- Data block:
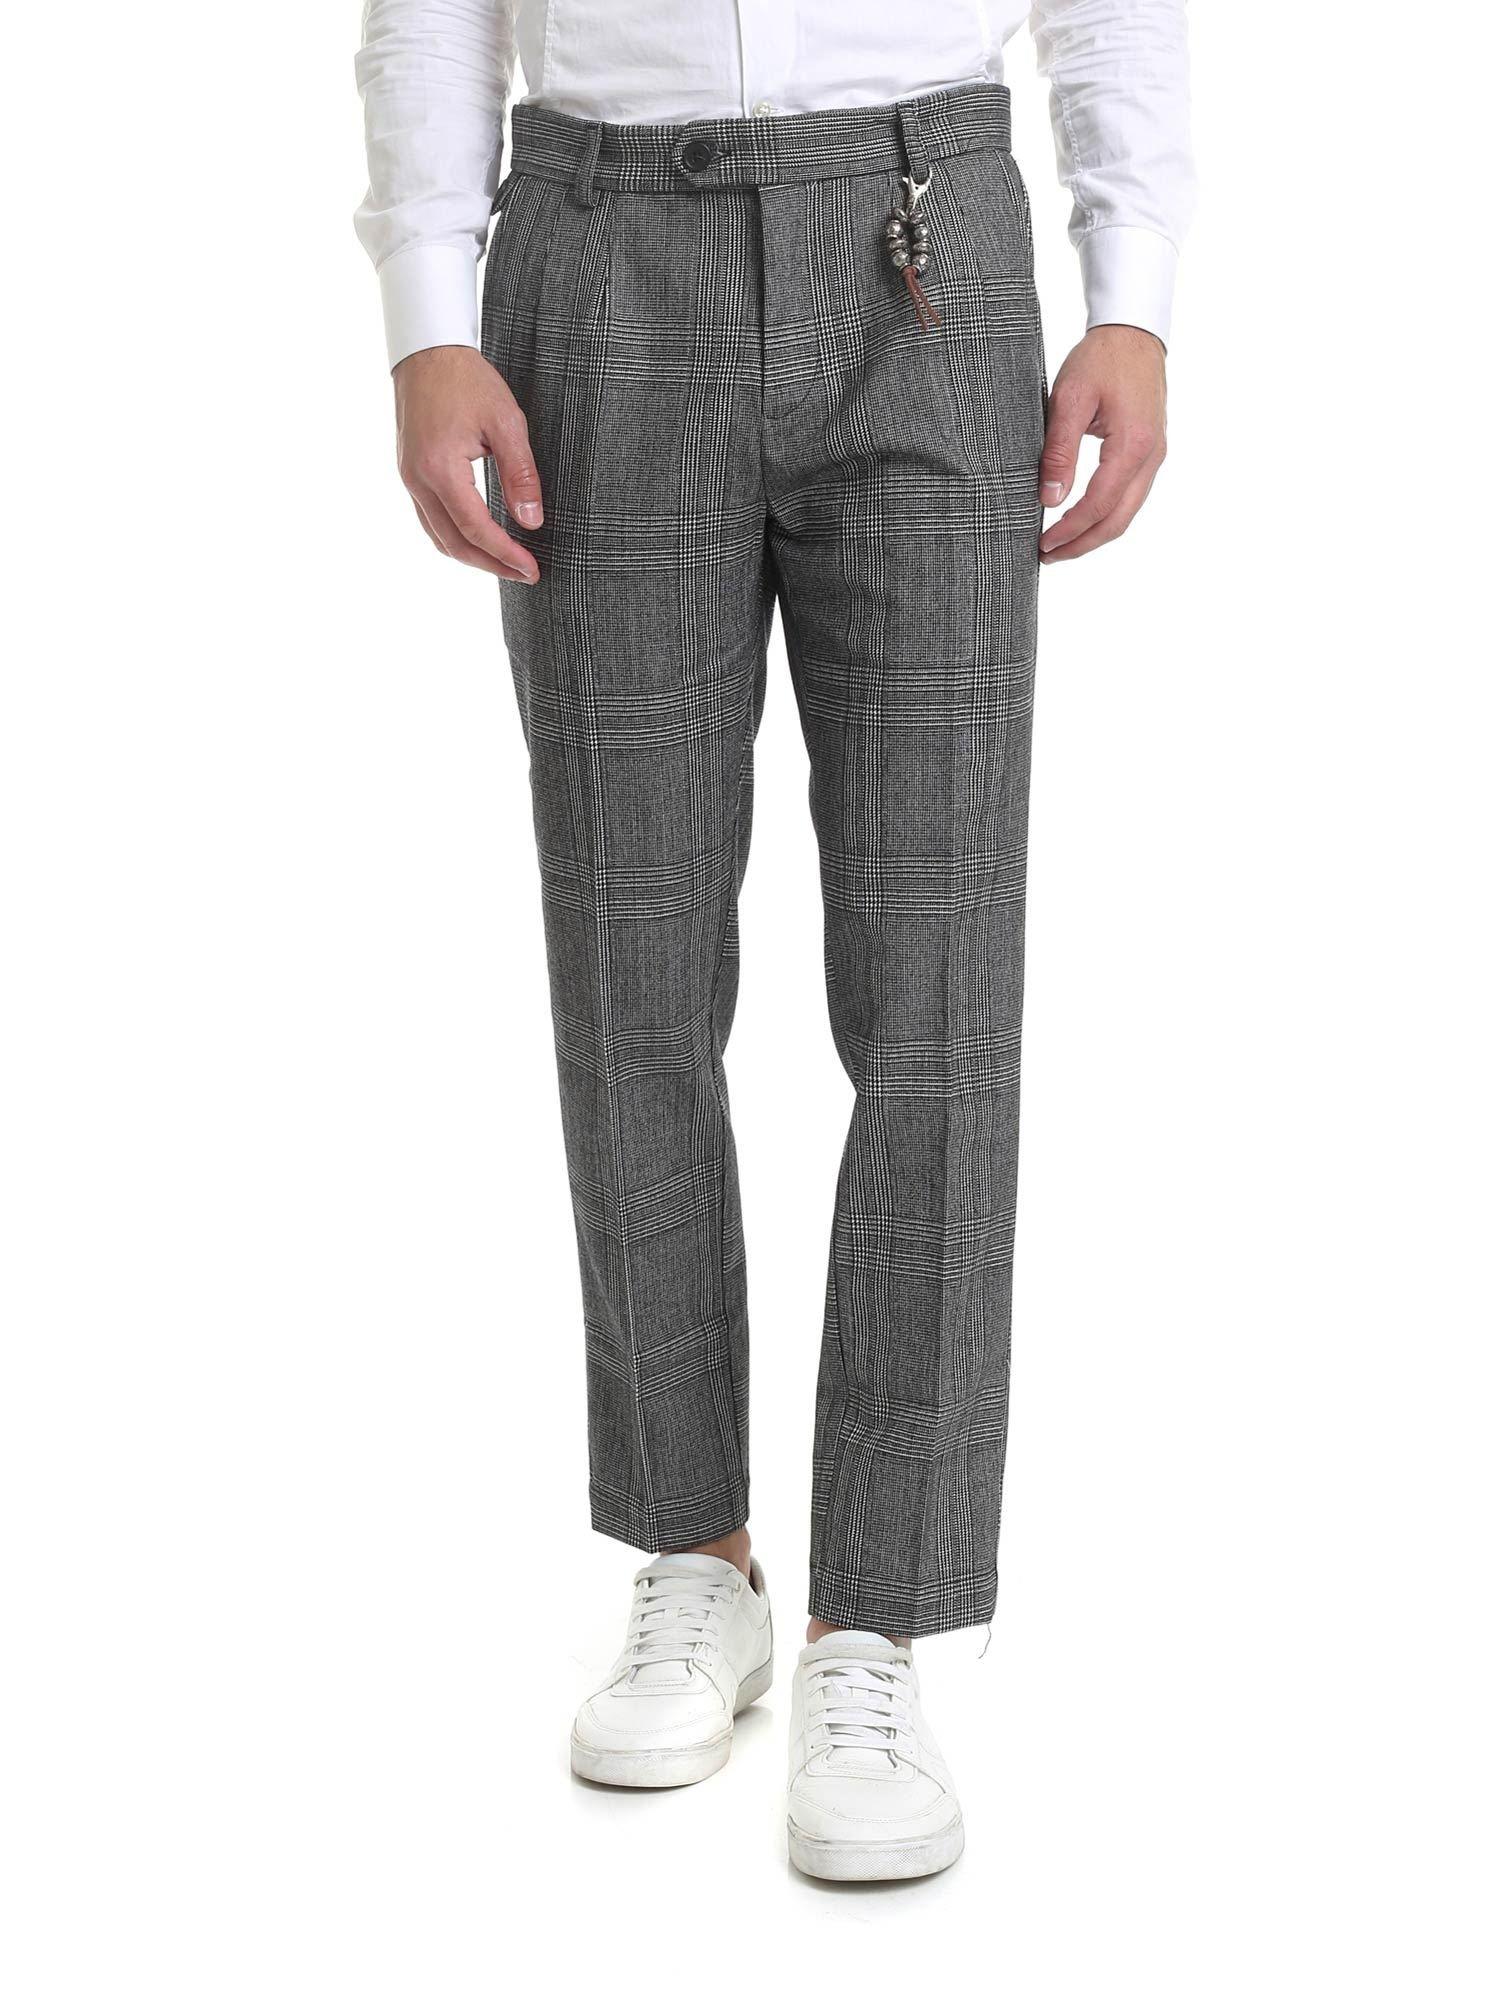 Image of Pantalone R101 quadri grigio
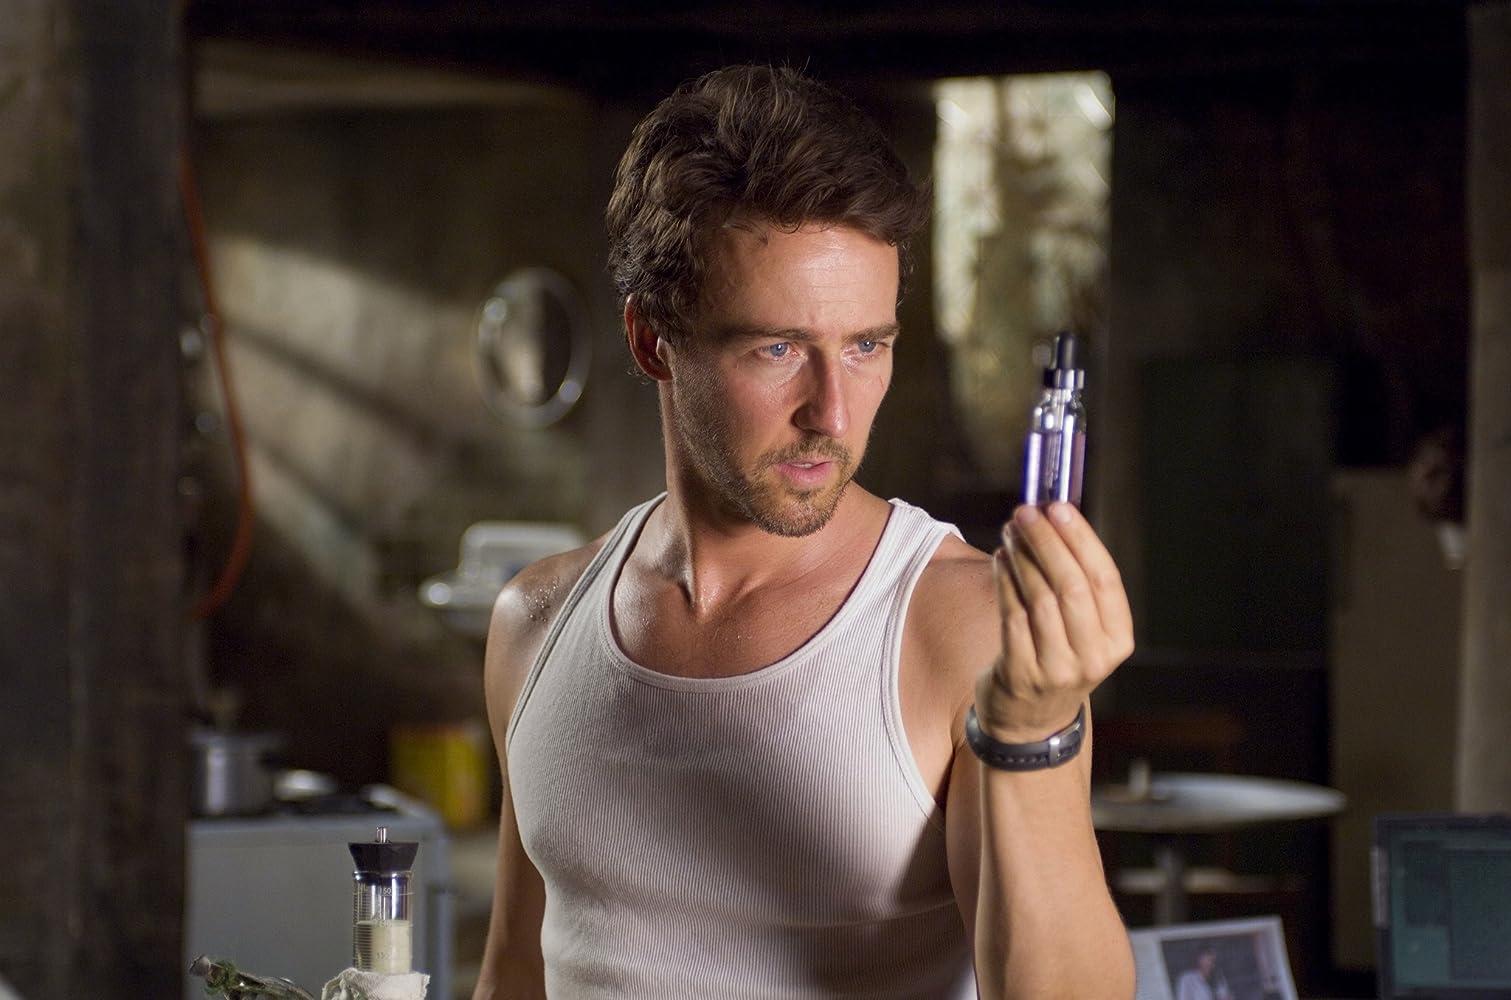 Edward Norton in The Incredible Hulk (2008)
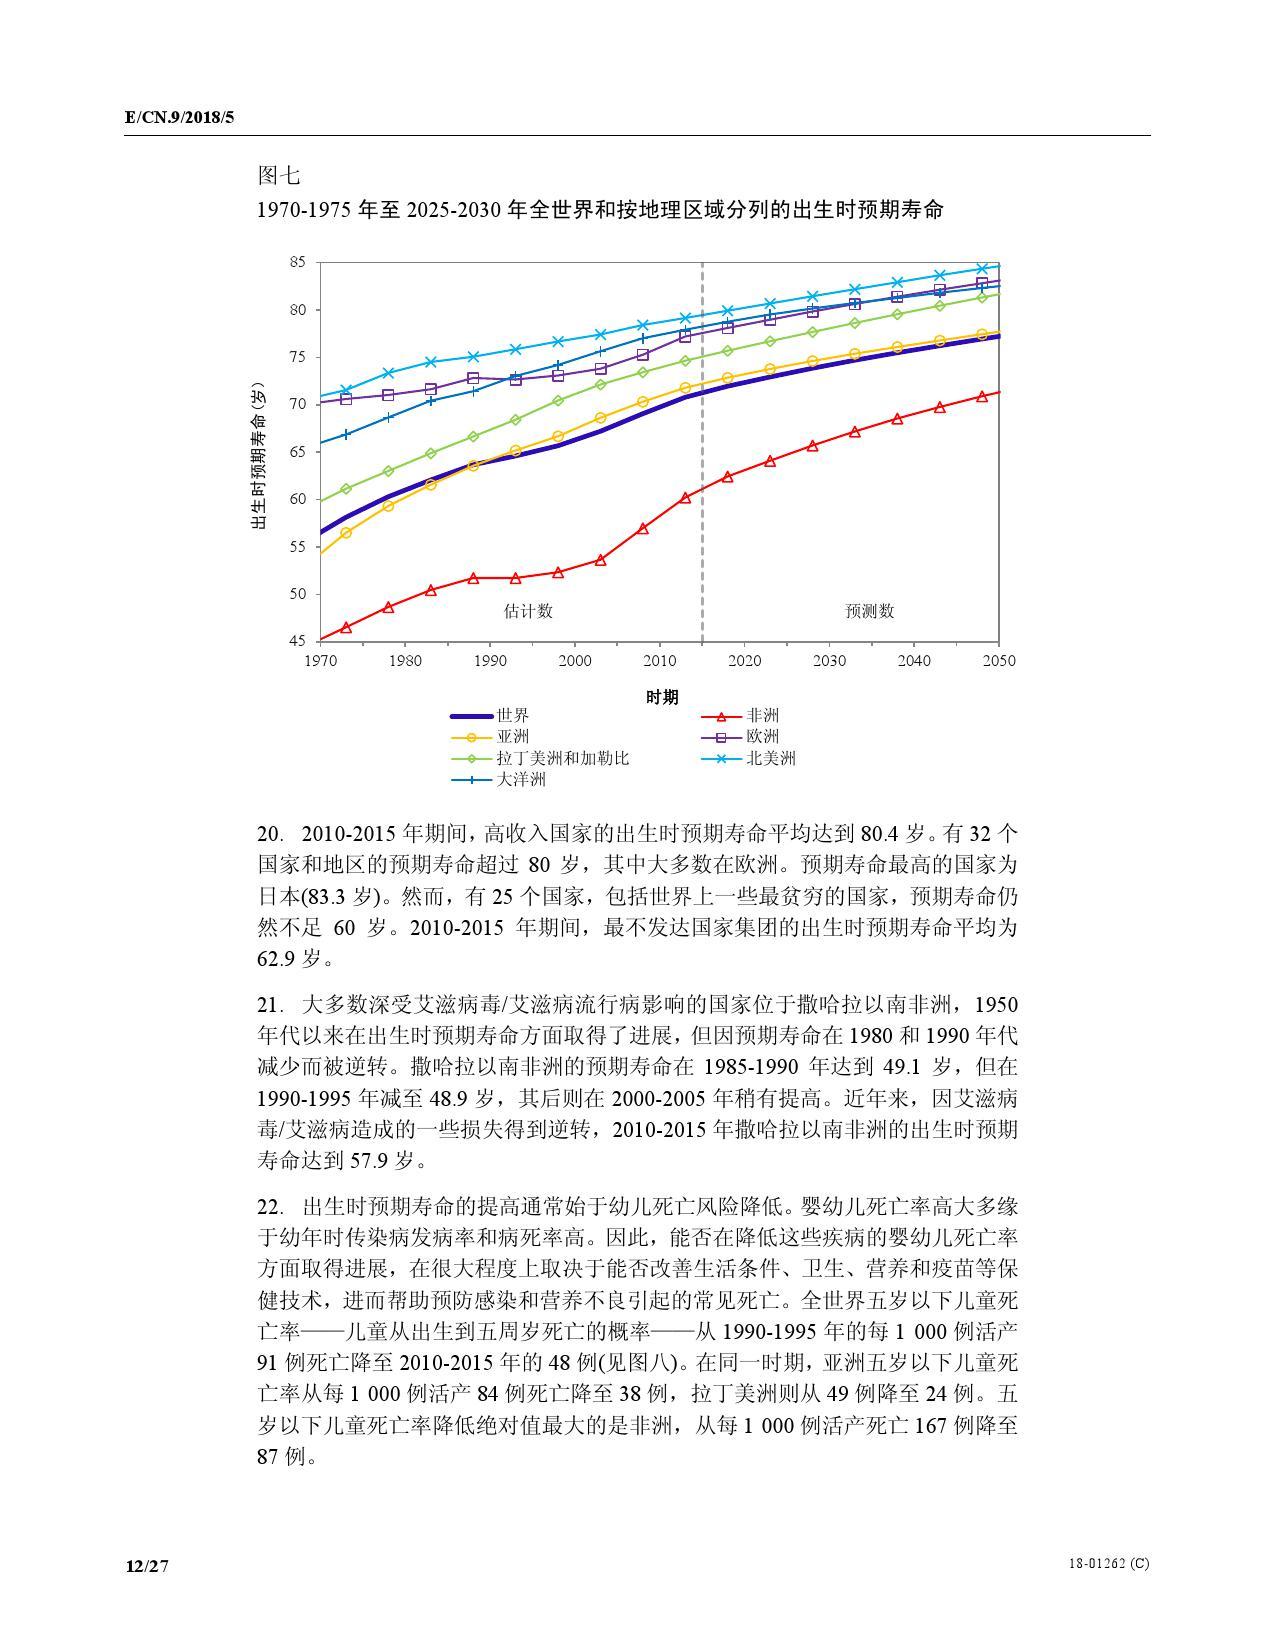 世界人口报告_世界人口

- What the task requires: Both the line containing "Edward Norton in The Incredible Hulk (2008)" and the last line of the listing above belong in the copy, along with every line between them; retype them exactly and omit the pictures.

- Solution for this exercise:
 Edward Norton in The Incredible Hulk (2008)
 世界人口报告_世界人口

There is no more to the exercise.